**What you have to do**. Given the records below, the lines starting at the line with "This Cartier bird" and ending at the line with "Offered in estate" should be output exactly, both end lines kept and pictures left out.
[Task input]
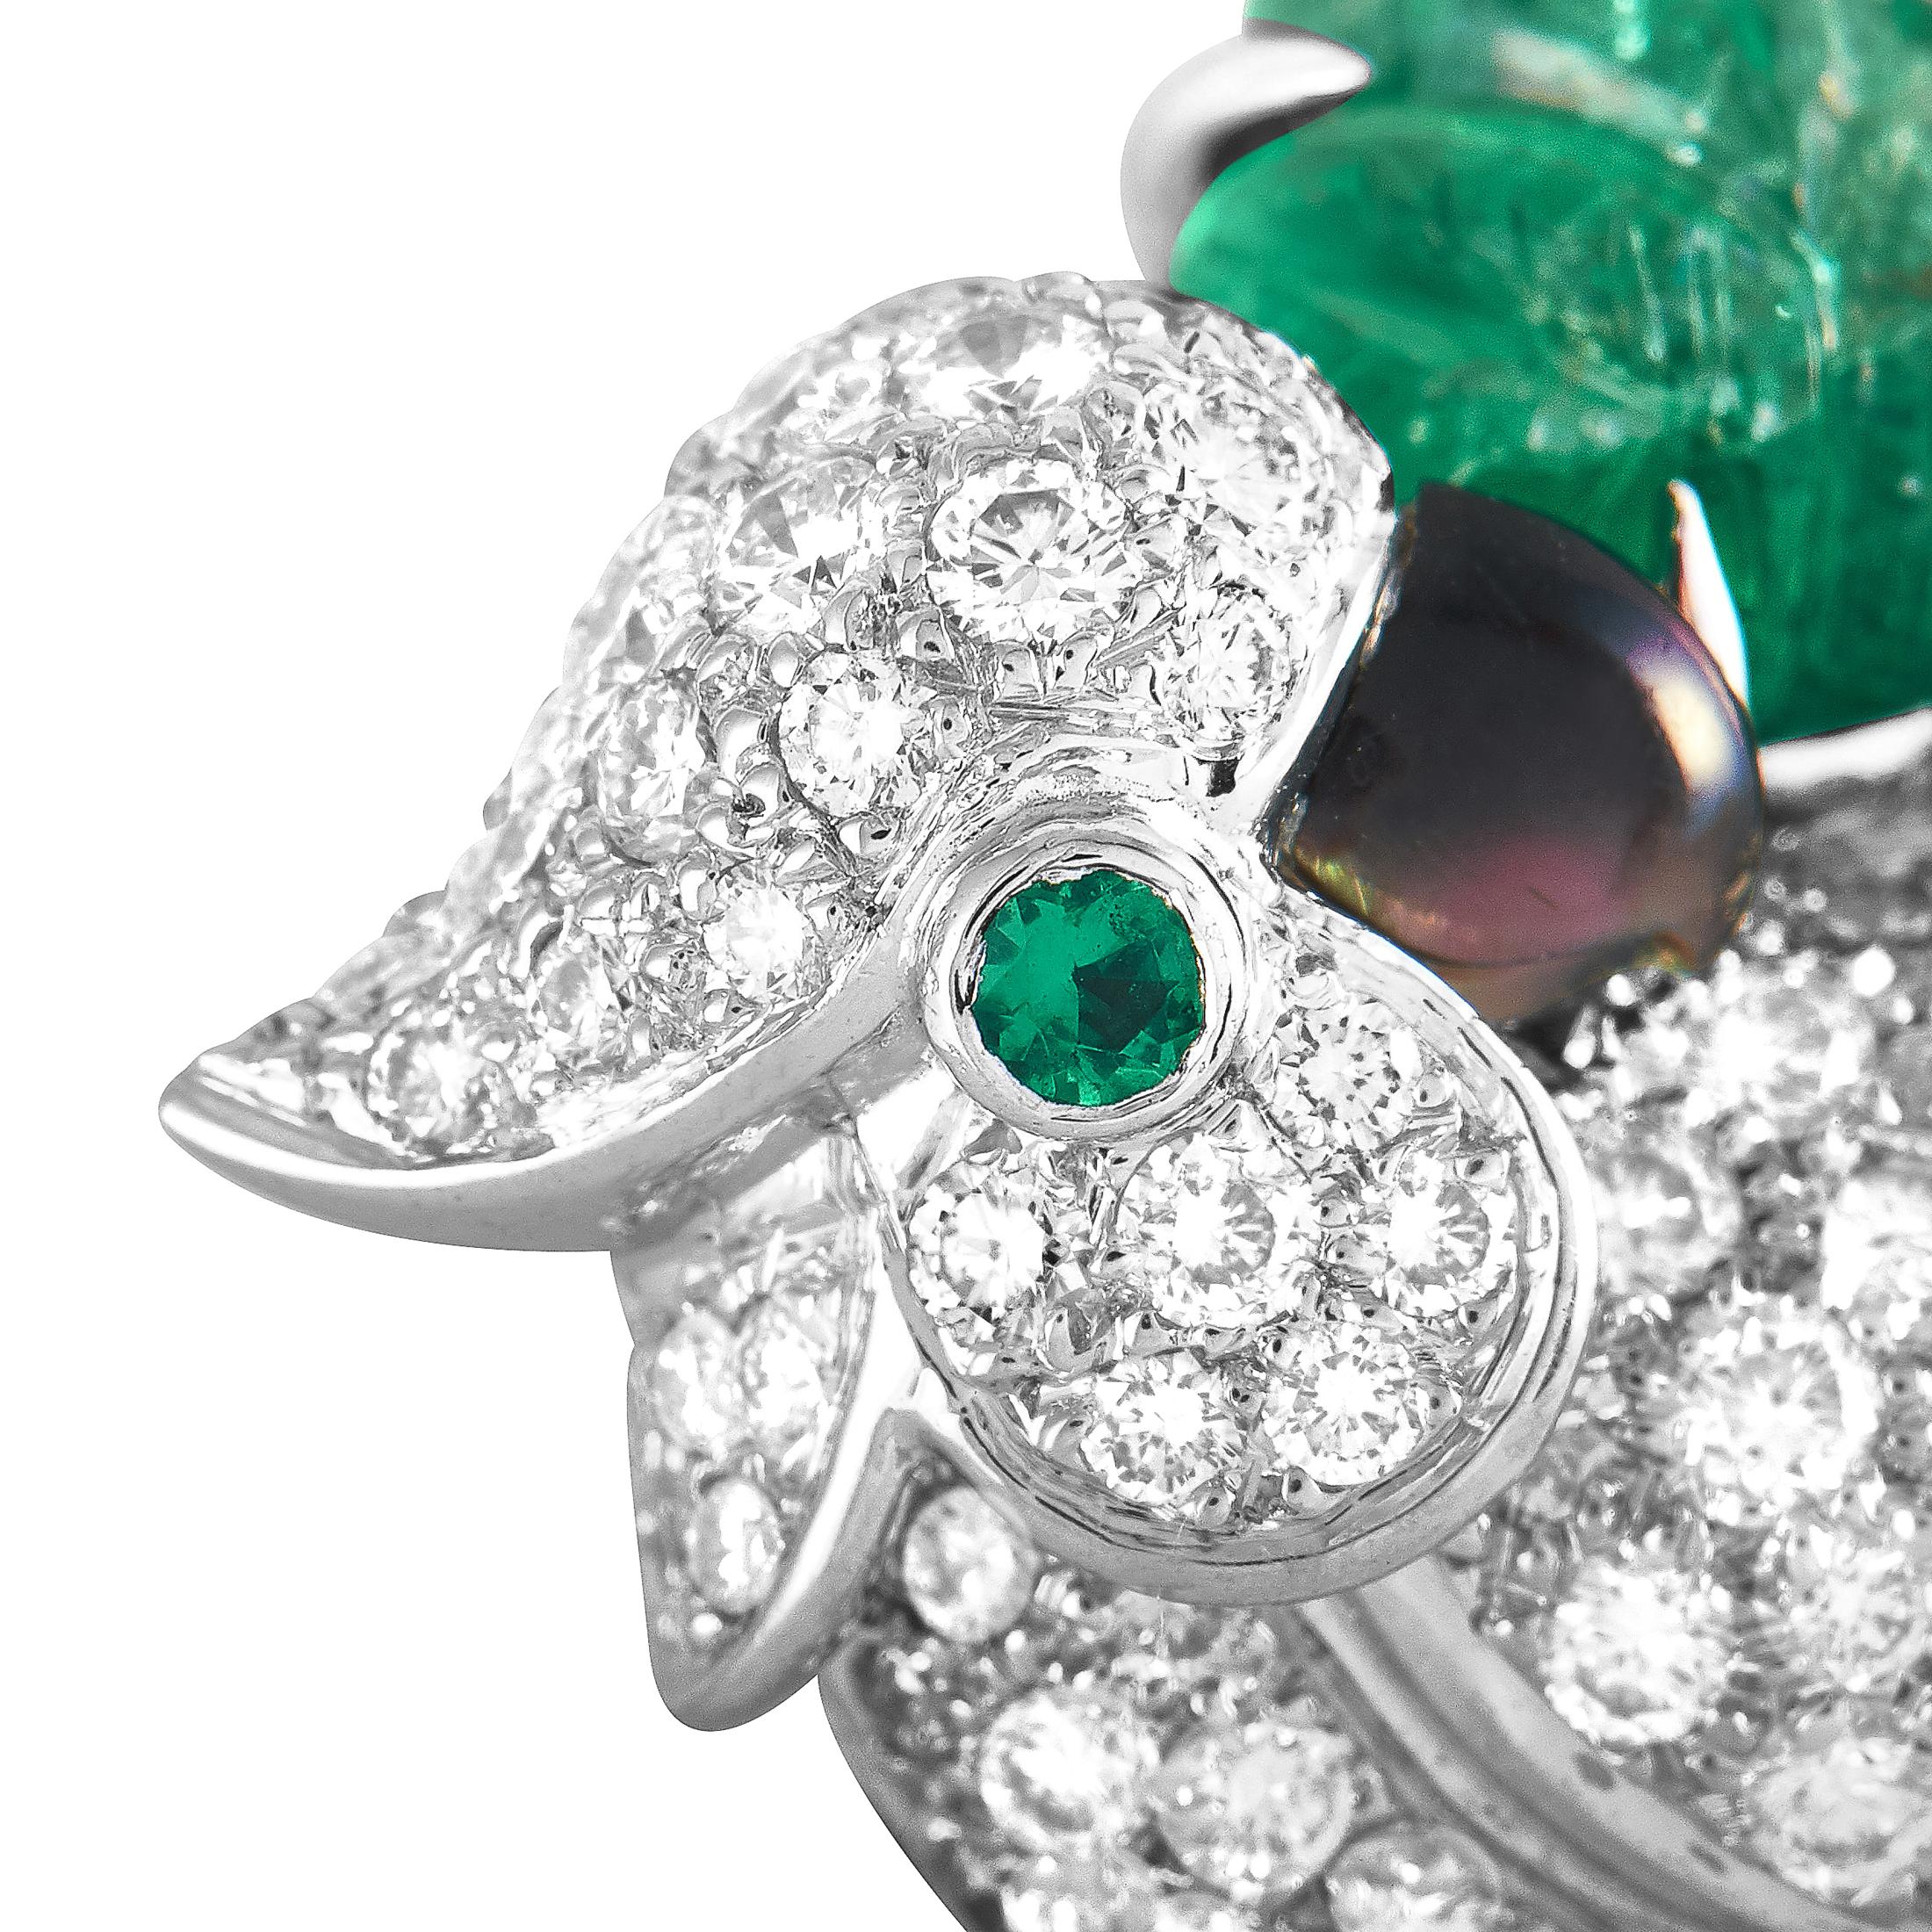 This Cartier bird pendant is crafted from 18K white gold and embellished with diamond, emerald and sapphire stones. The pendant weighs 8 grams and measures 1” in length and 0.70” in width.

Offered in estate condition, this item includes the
[/Task input]
[Task input]
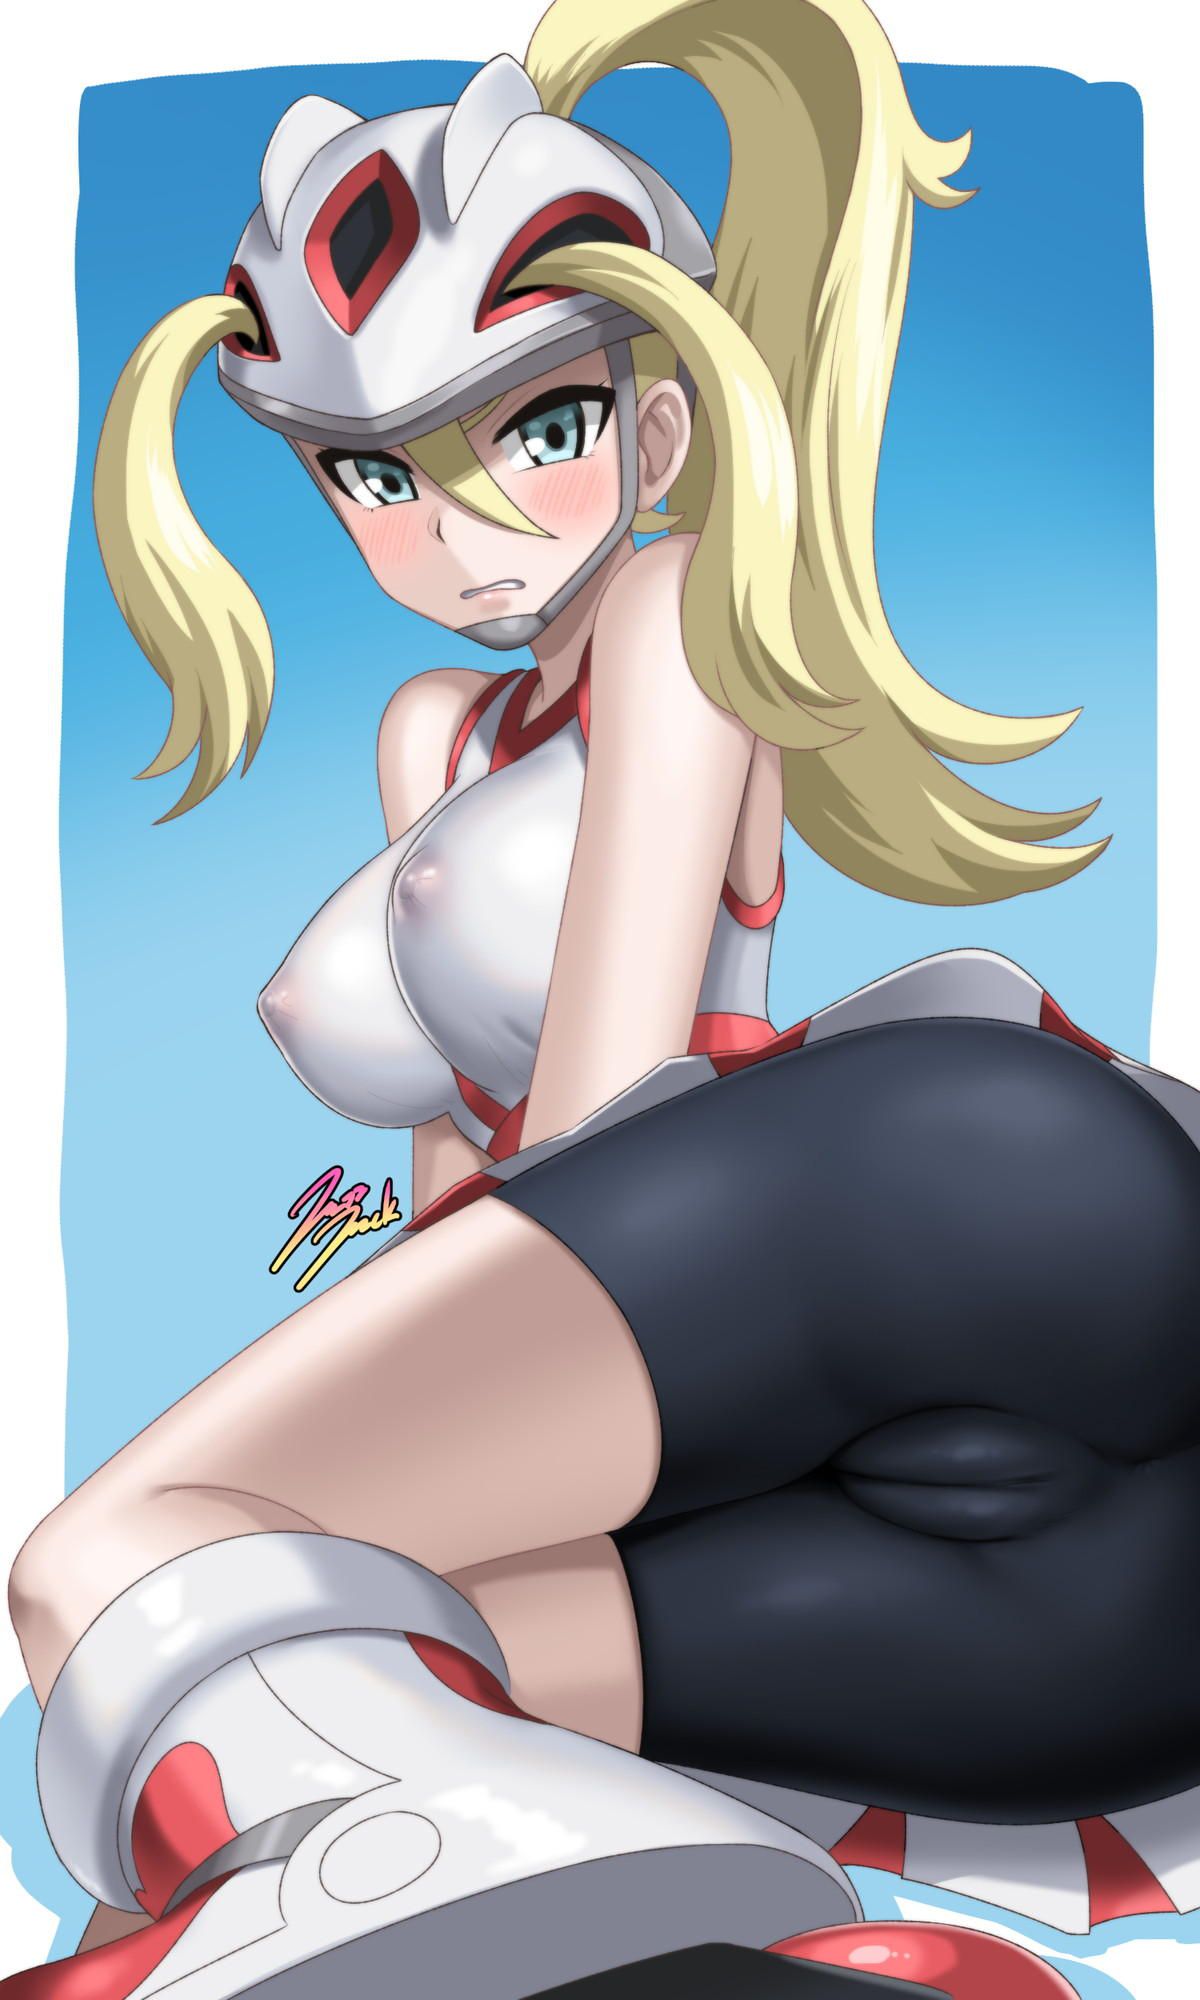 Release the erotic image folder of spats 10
[/Task input]
**Result for this exercise**.
 This Cartier bird pendant is crafted from 18K white gold and embellished with diamond, emerald and sapphire stones. The pendant weighs 8 grams and measures 1” in length and 0.70” in width.

Offered in estate condition, this item includes the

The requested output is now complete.